→ EXERCISE REQUIREMENTS
Copy out the data exactly, leaving the pictures behind.

→ DATA SEGMENT
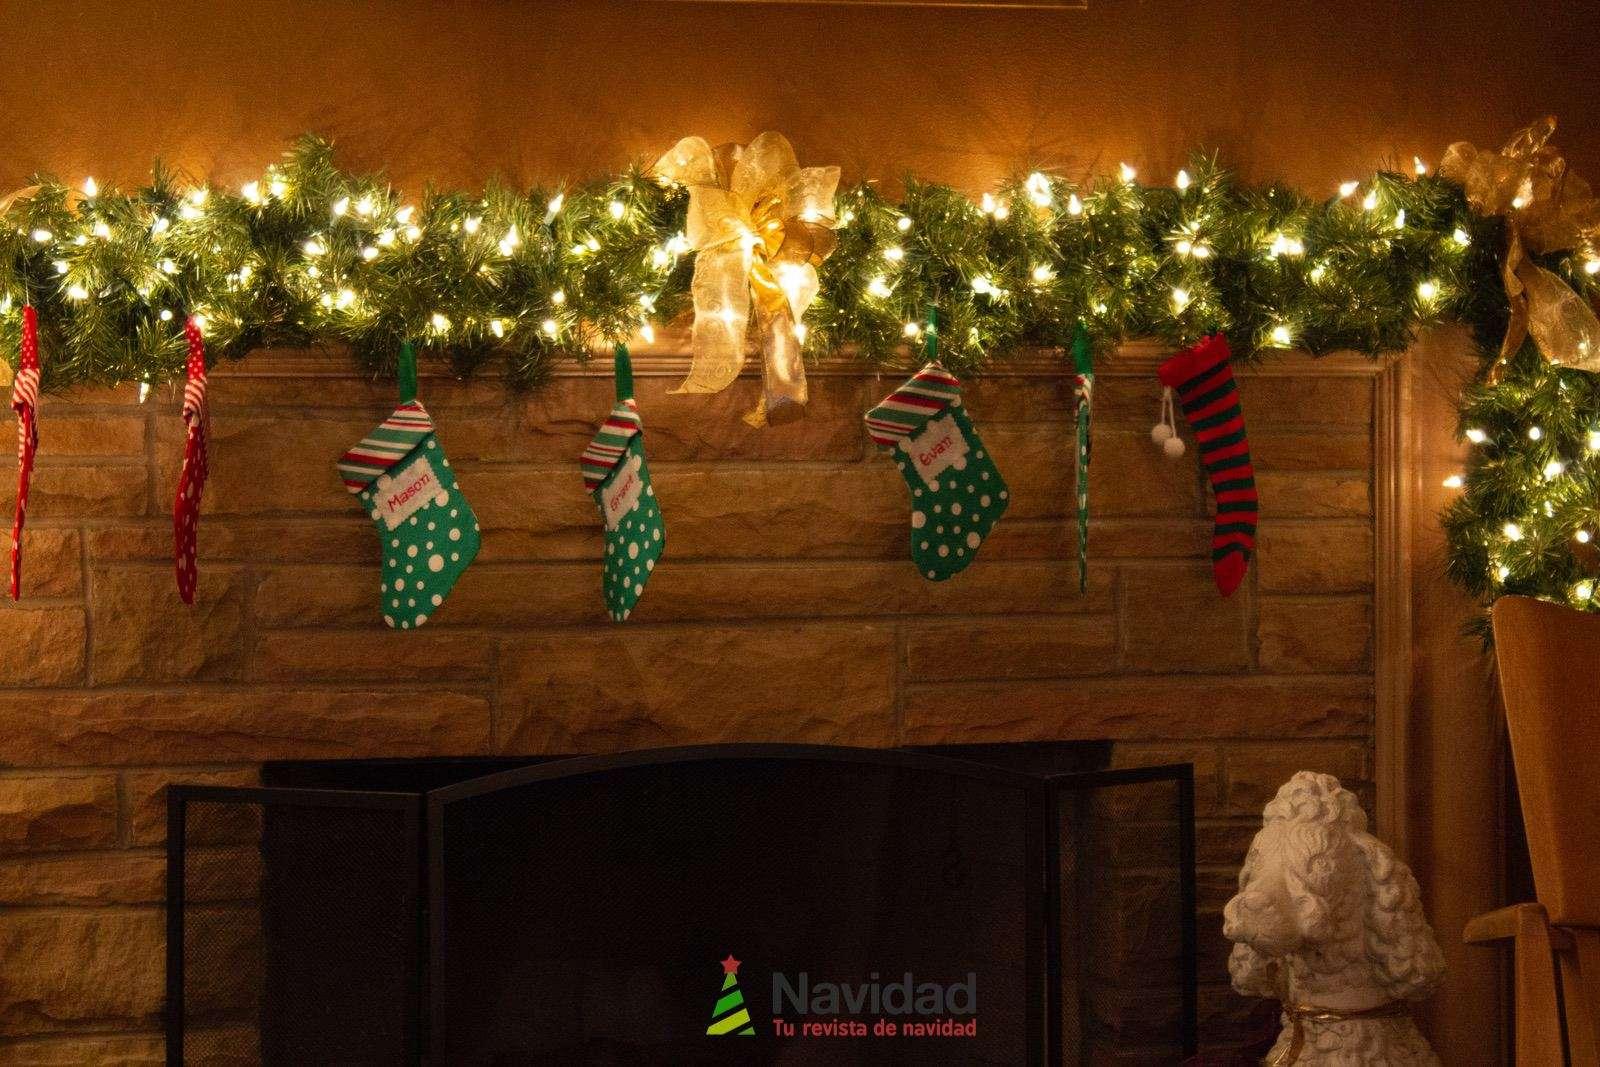 Chimeneas de Navidad para decorar y dar calor en fiestas 52
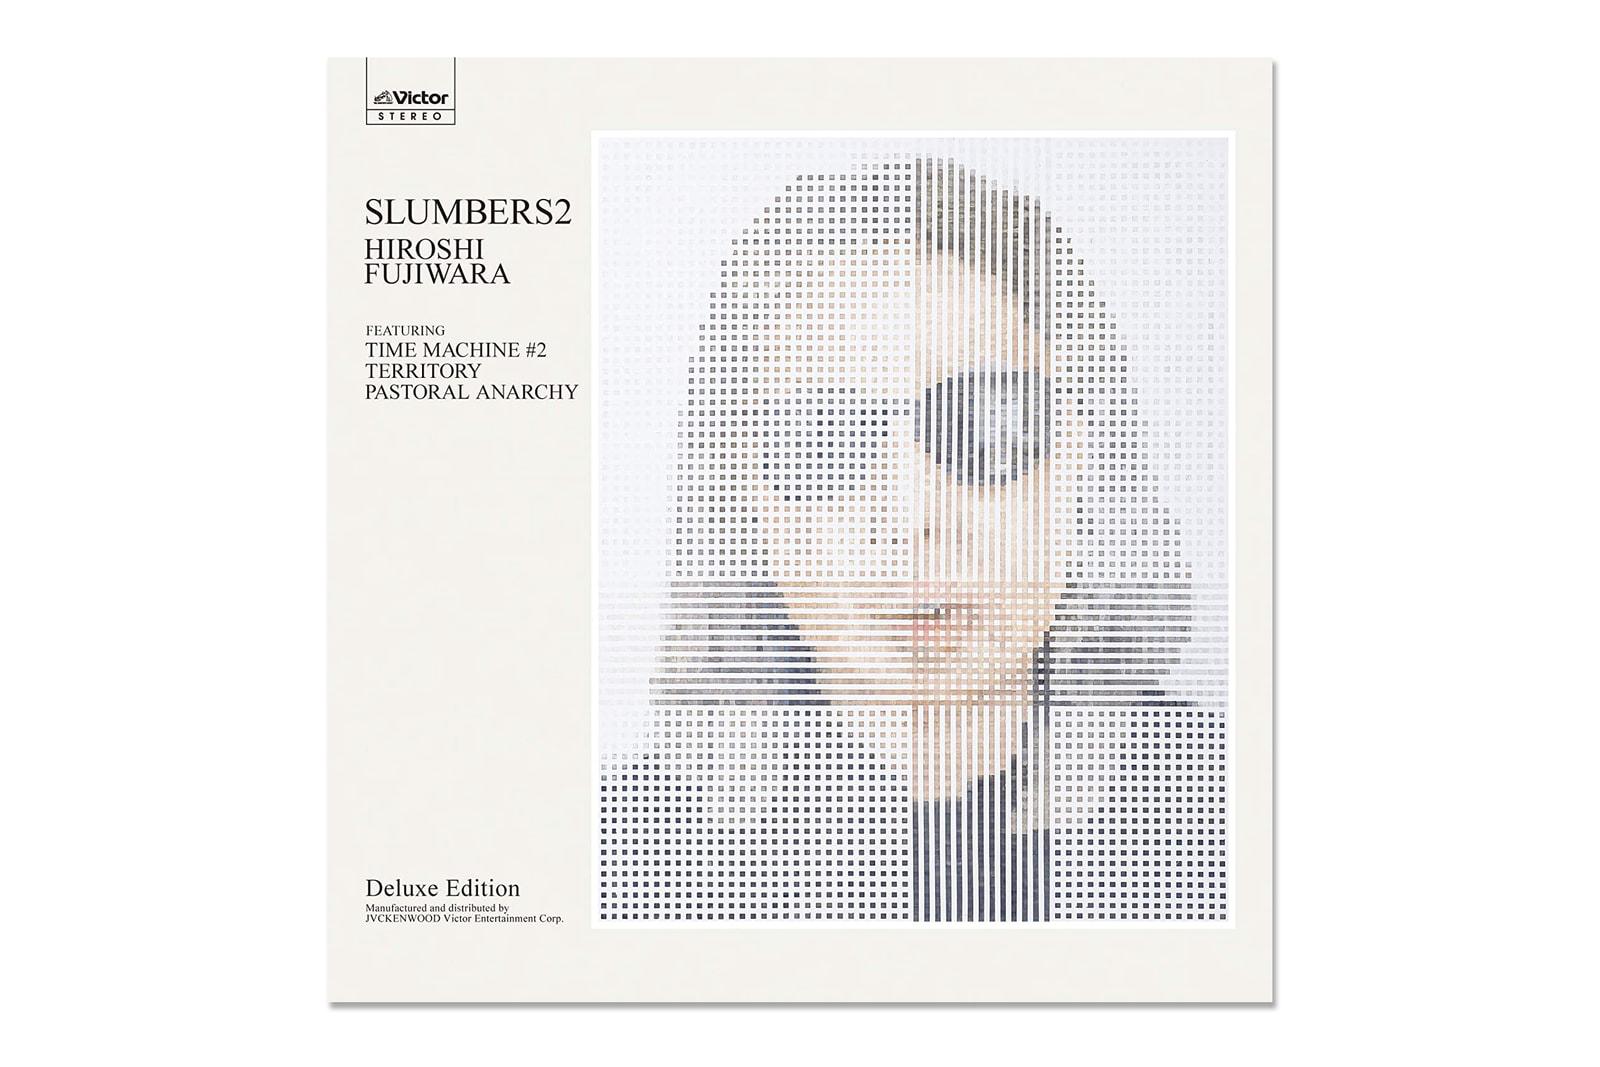 藤原浩「'Slumbers' The Online Experience 2021」線上音樂會限定系列揭曉
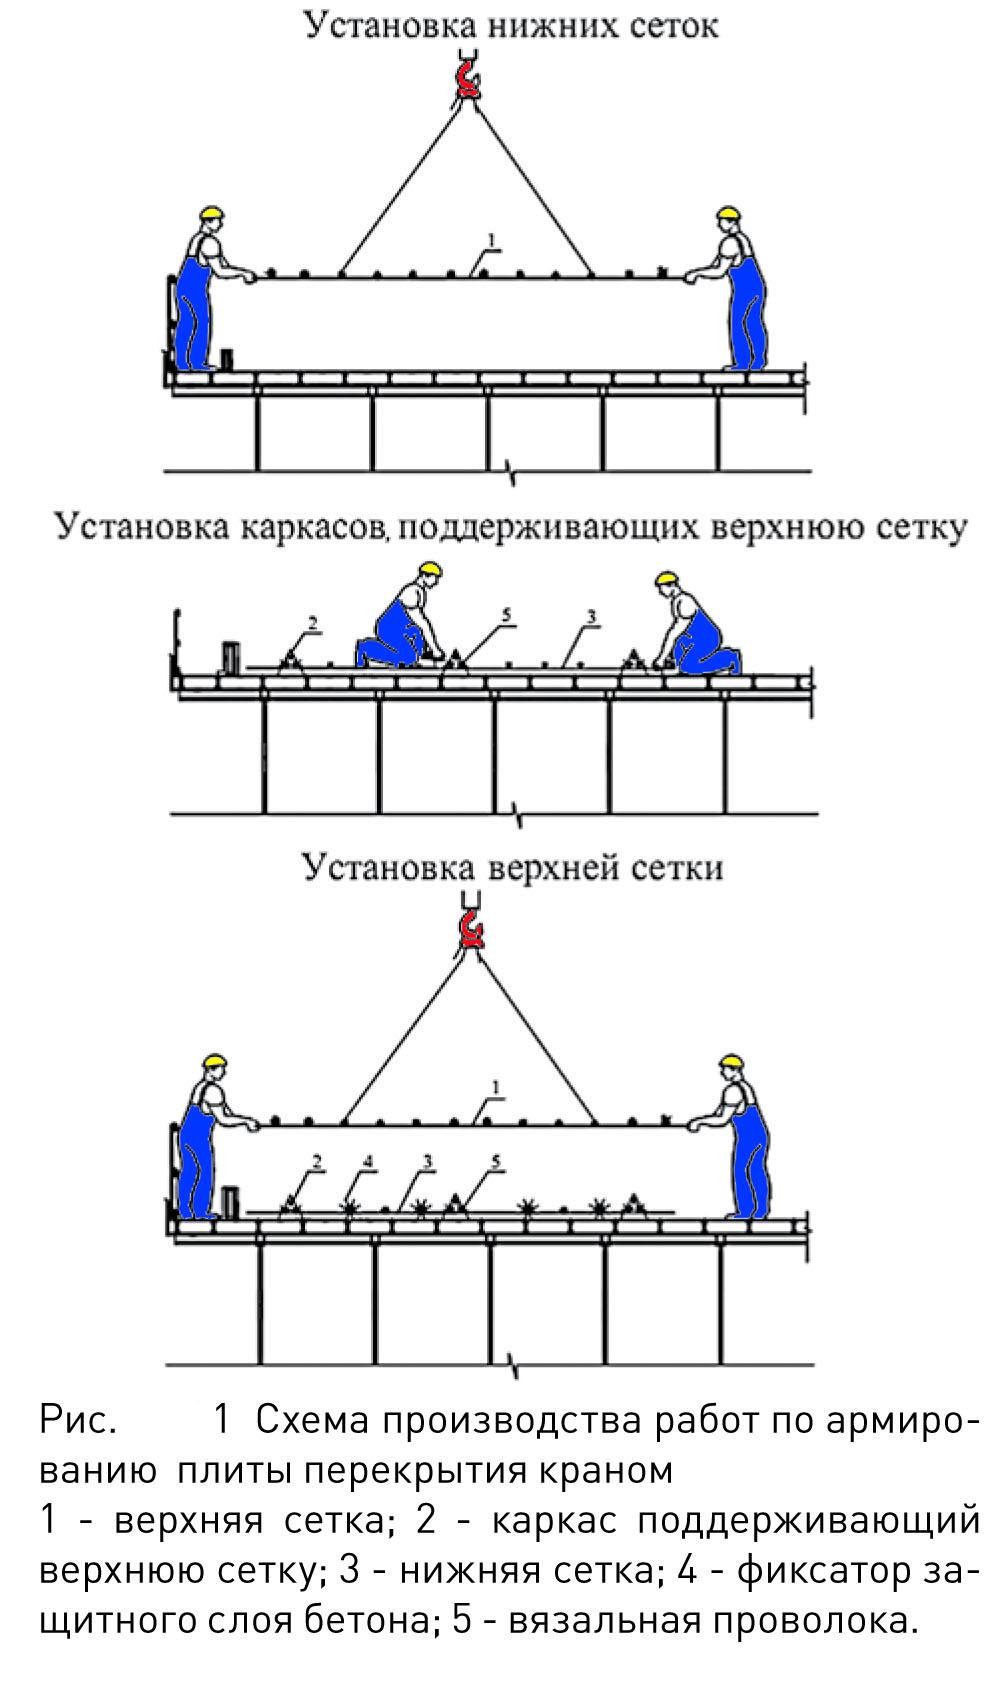 рисунок 1 и 2

→ WRITTEN SOLUTION
 Chimeneas de Navidad para decorar y dar calor en fiestas 52
 藤原浩「'Slumbers' The Online Experience 2021」線上音樂會限定系列揭曉
 рисунок 1 и 2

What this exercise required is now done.